OTTAWA - Residents of a Toronto riding were still unclear Tuesday just who is their true member of Parliament after Canada's high court reserved judgment in a first-of-its-kind electoral dispute with the country's democratic process at its heart.
The Supreme Court of Canada justices spent half the day listening to arguments over a Conservative MP's appeal of a lower-court ruling that tossed out the result of last year's federal election in Etobicoke Centre.
But despite high hopes of a ruling from the bench, the dispute — Tory MP Ted Opitz in one corner, defeated Liberal incumbent Borys Wrzesnewskyj in the other — remained unresolved as the justices retired to mull over their verdict.
Wrzesnewskyj, who brought the original suit in the lower courts, described the case as vital to the ongoing health of — and public confidence in — Canada's voting system.
If the high court upholds the lower ruling, Prime Minister Stephen Harper would have six months to call a byelection, although Wrzesnewskyj said the vote should be held as soon as possible.
"Should we win this case, it's incumbent on the prime minister to act immediately," he said outside the courtroom.
"Democracy requires it. We can't have this situation where we don't know who the representative is."
Waiting the full six months would set "a terrible precedent," he added.

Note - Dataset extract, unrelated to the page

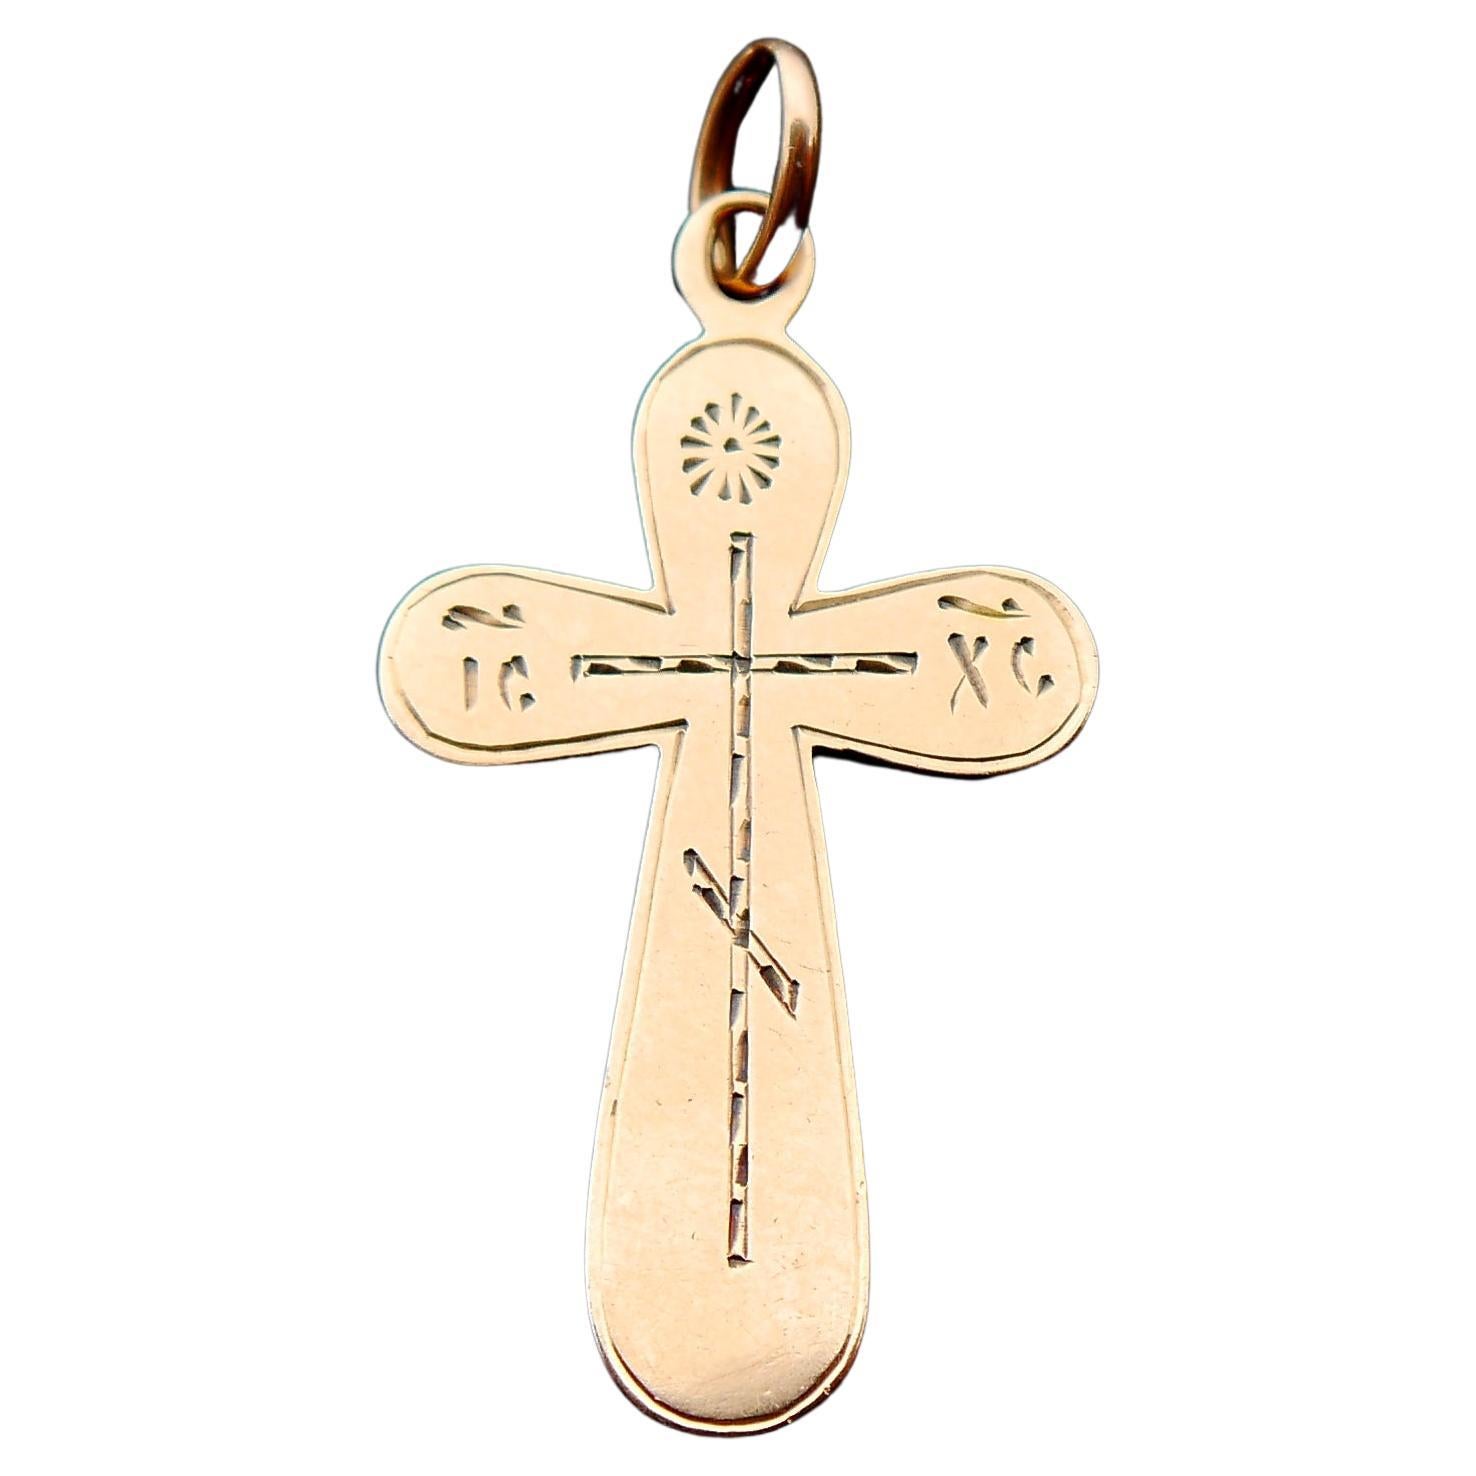 Russisches kaiserlich-orthodoxes orthodoxes Kreuzkreuz-Kreuz-Kreuzkreuz, Massiv 56 / 14K Gold /4,5cm / 4.2gr

Wrzesnewskyj lost to his Conservative challenger by just 26 votes, but the defeated Liberal went to court, claiming procedural irregularities.
Earlier this year, an Ontario Superior Court judge found that Elections Canada officials made clerical errors at the polls. Justice Thomas Lederer threw out 79 votes, enough to overturn the original result.
Opitz countered by filing a first-time-ever appeal with the Supreme Court of Canada.
"At stake is the election," Opitz said after the hearing. "So if it's overturned, there's a potential byelection, and we'll go to that."
Only five other election results have been nullified by the courts since 1949. None of those rulings were appealed and byelections were quickly called to re-determine the will of the people in each riding.
Opitz's lawyer, Kent Thomson, argued that the voting rights of people in Etobicoke Centre were trampled by simple record-keeping errors.
"It's hard to think that a constitutional right of this importance could hang by so fine a thread," he told the court.
The election result was overturned on the grounds that paperwork was not properly filled out for voters who needed someone to vouch for their identity or who were left off the list of electors.
In his ruling, Lederer specifically stressed the irregularities were the result of clerical errors by well-meaning Elections Canada officials, not the product of fraud or intentional wrongdoing.
Since then, however, Wrzesnewskyj has resurrected other more serious allegations of ballot-box stuffing and voter suppression by Opitz's campaign, though nothing has been proven.
"People lost their franchise, they lose their right to vote. When people lose their right to vote, an election is not free," Wrzesnewskyj said.
"When ballots end up in the box that shouldn't have been there because someone showed up without ID and without proper vouching was allowed to vote, or people were allowed to vote even though they weren't registered, that's not a fair election.
"Elections cannot be free if they're not fair, and they cannot be fair if they're not free."